ハーブで「セルフ・キュア」を
西洋の漢方薬ともいえるハーブは、太古の昔から膨大なトライアンドエラーをくりかえし、選び抜かれた薬効の高い植物だ。現在の西洋薬の半分以上が元々は植物の有効成分から作られたものだが、植物をまるごと用いるハーブの特徴は、その効き目が穏やかで試してみても副作用など危険性のないことがあげられる。
単なる予防にとどまらず不調になった体を回復させることを、橋口医師は「セルフ・キュア」と呼んでいるが、そのセルフ・キュアに最も適しているのが、体をトータルに活気づけるハーブなのだ。
では実際に、夏バテ解消に効果があるのはどのようなハーブなのか。比較的手に入りやすいハーブを使ったブレンドティーを紹介してもらった。
●モミール+ミント
胃を保護し活発にする作用がある。お腹がゴロゴロする時にも効果的。
●ハイビスカス+ローズヒップ(バラの実)
クエン酸やビタミンCが豊富で、酸味がありスカッとする。ローズヒップには下痢を止める作用もある。甘味を加えて冷やせば夏バテに最適。
●リンデン{菩提樹)+カモミール+レモンバーベナ
3つあるい2つをブレンドしても美味しい。精神を安定させ、安眠効果がある。コーヒーやお茶などのカフェインを減らせば、さらに効果が期待できる。

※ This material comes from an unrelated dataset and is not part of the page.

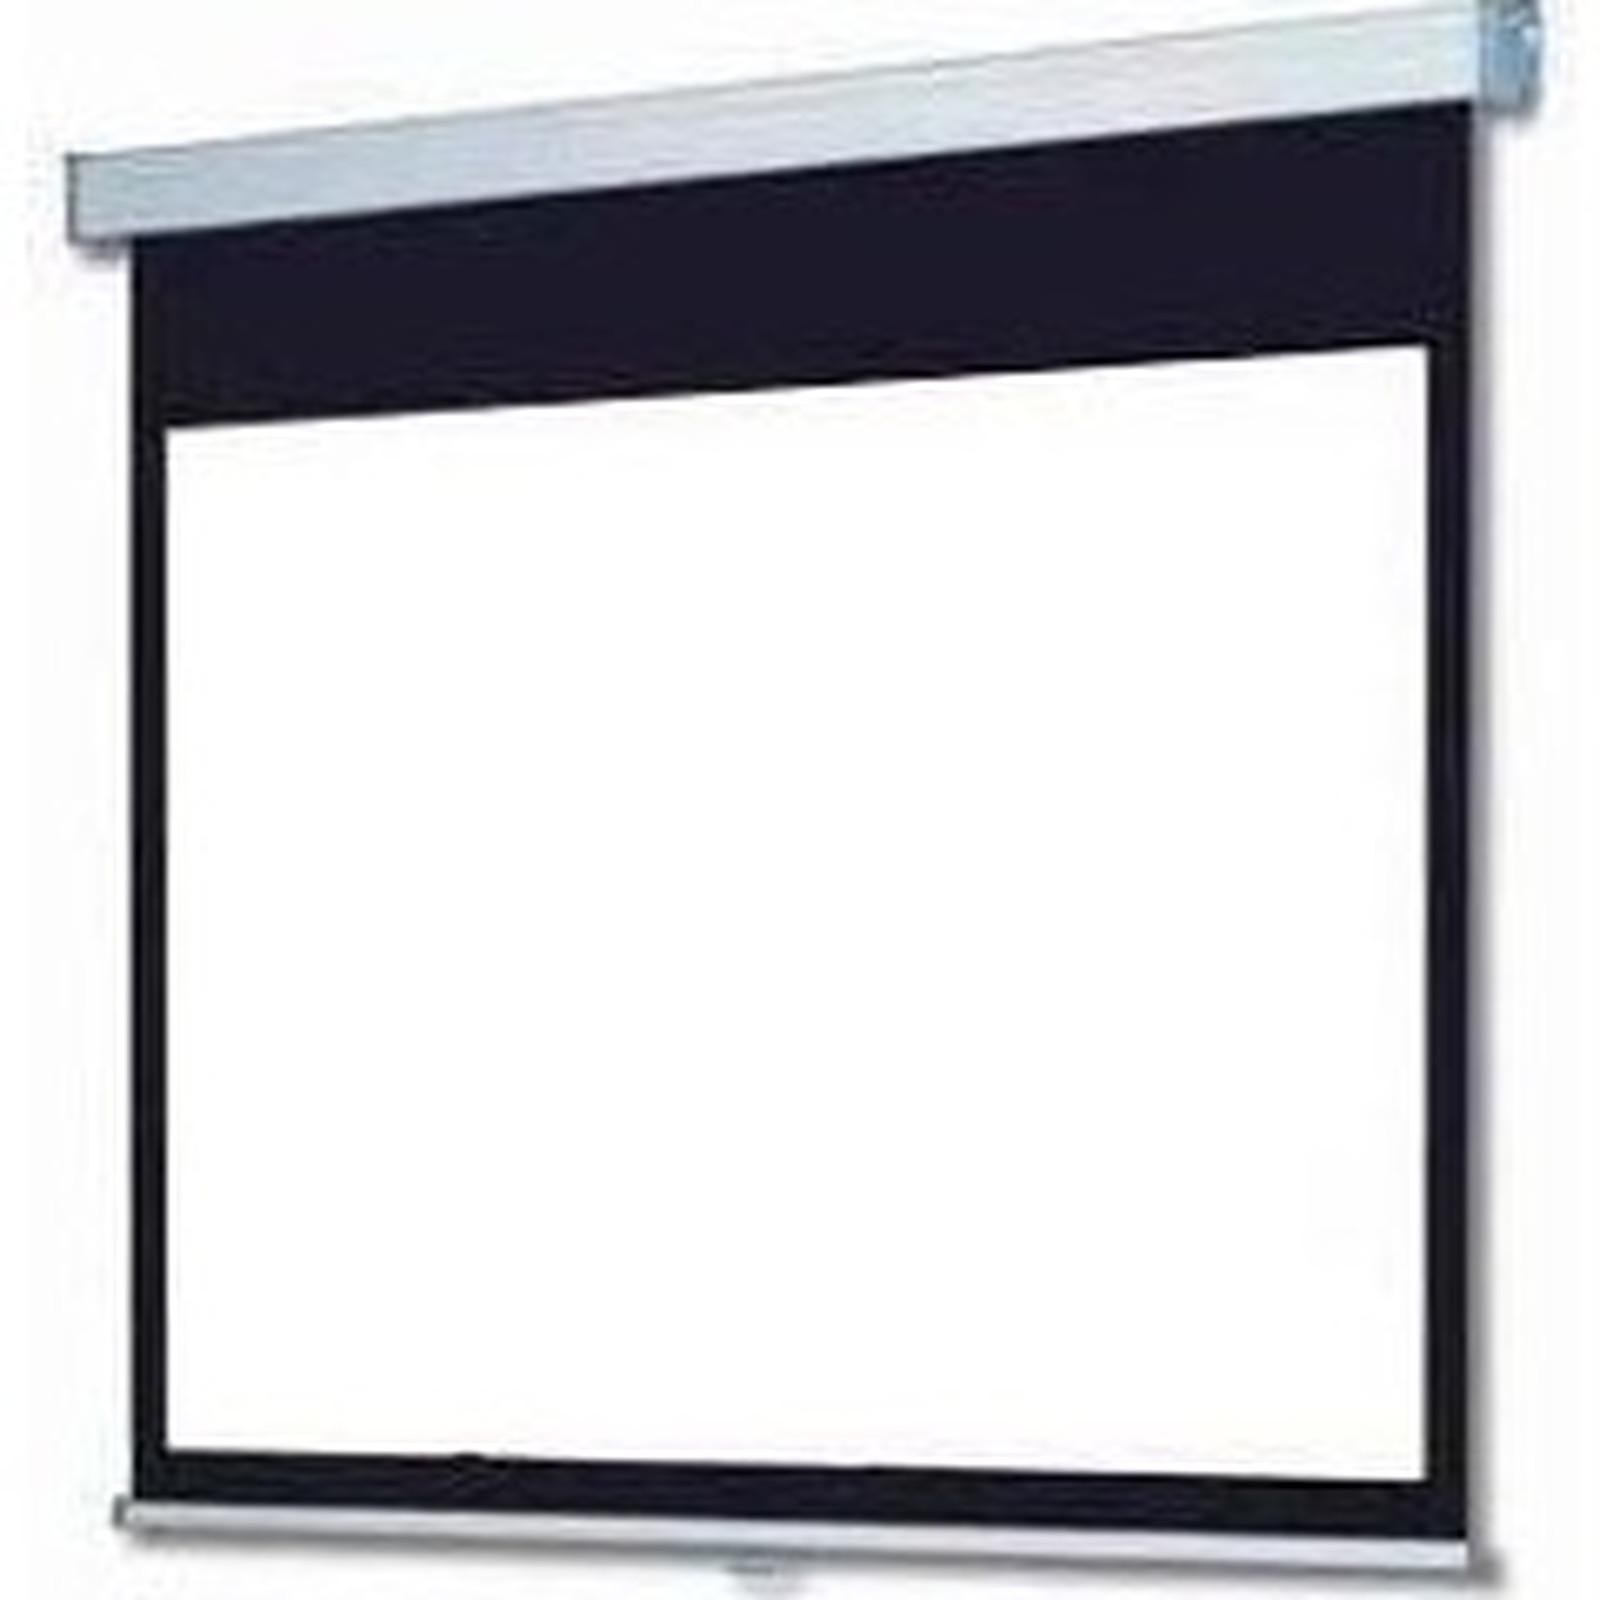 INOVU PMV20   Projector screen INOVU on LDLC

橋口医師自身、日常生活にハーブを積極的に取り入れているという。
「カモミールはリラックス効果の高いハーブで胃を保護する作用があり、ミントはリフレッシュ型で胃の動き具合を整えてくれるので、朝はミントティーで夜はカモミールというように使い分けてもいいでしょう。

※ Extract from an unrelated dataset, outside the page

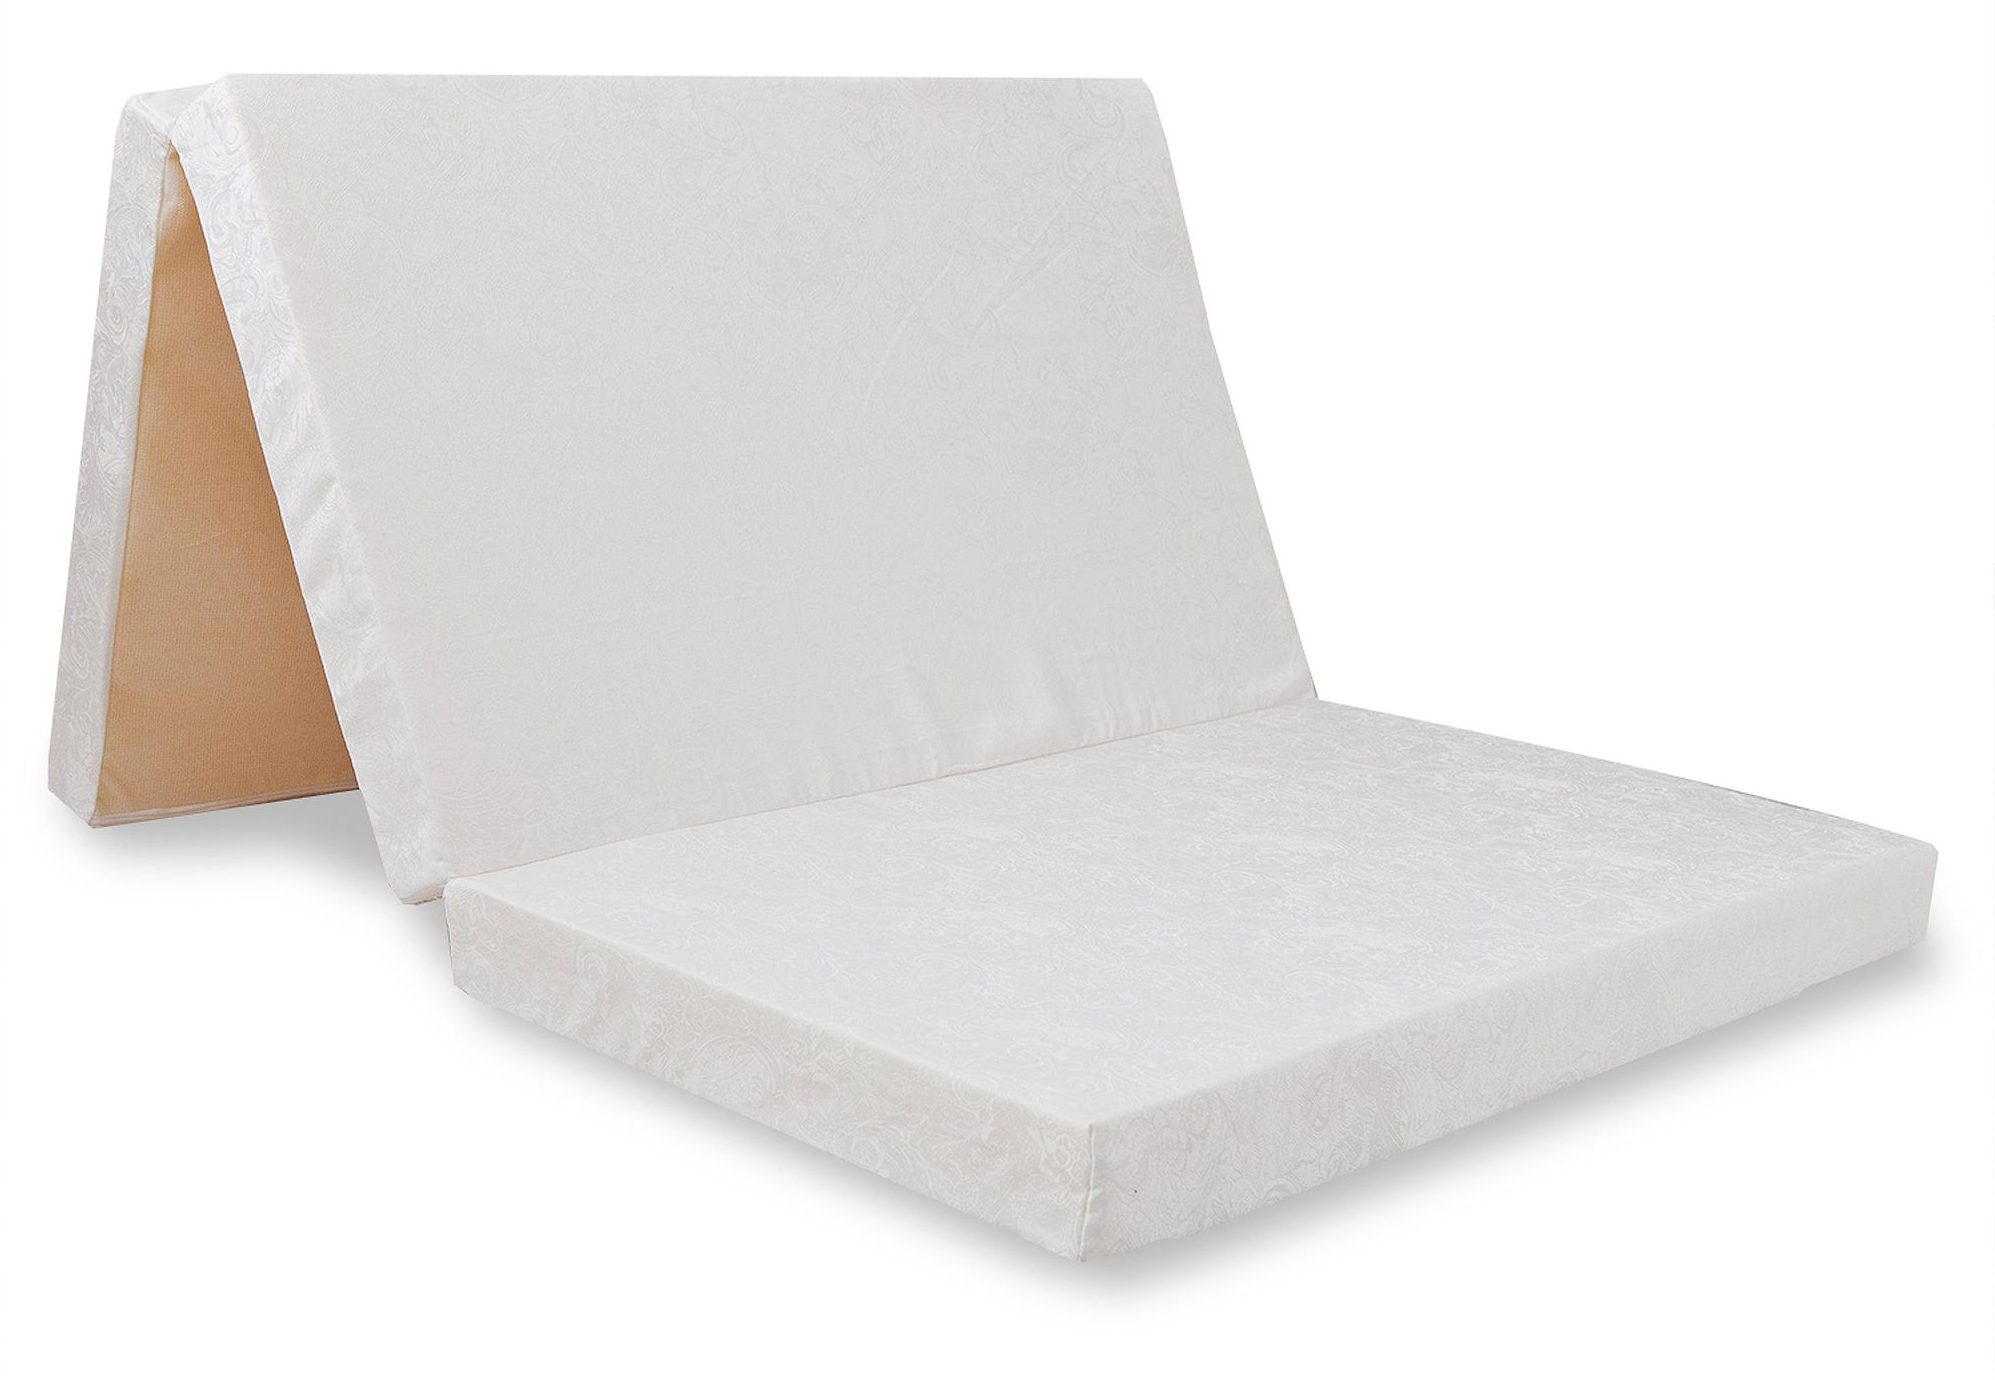 Colch n plegable para imprevistos - Colchon para cama plegable ...

コーヒーなどを普段飲んでいる人が、それをやめてカモミールを飲むと胃腸の働きが全然違ってきます。ブレンドしたお茶を冷やしても美味しいですよ」
ハーブティーは、市販のティーバッグ入りのものだと葉が粉砕されているため、有効成分が揮発しやすく酸化もおこしやすいので、できればハーブ専門店で求めて大きな葉のままのものを試してみたい。
大地から生まれたやさしい薬「ハーブ」。夏バテでギブアップ寸前の体を心身両面から癒し、体の中に眠っている自然治癒力を呼び起こす清涼剤といえるだろう。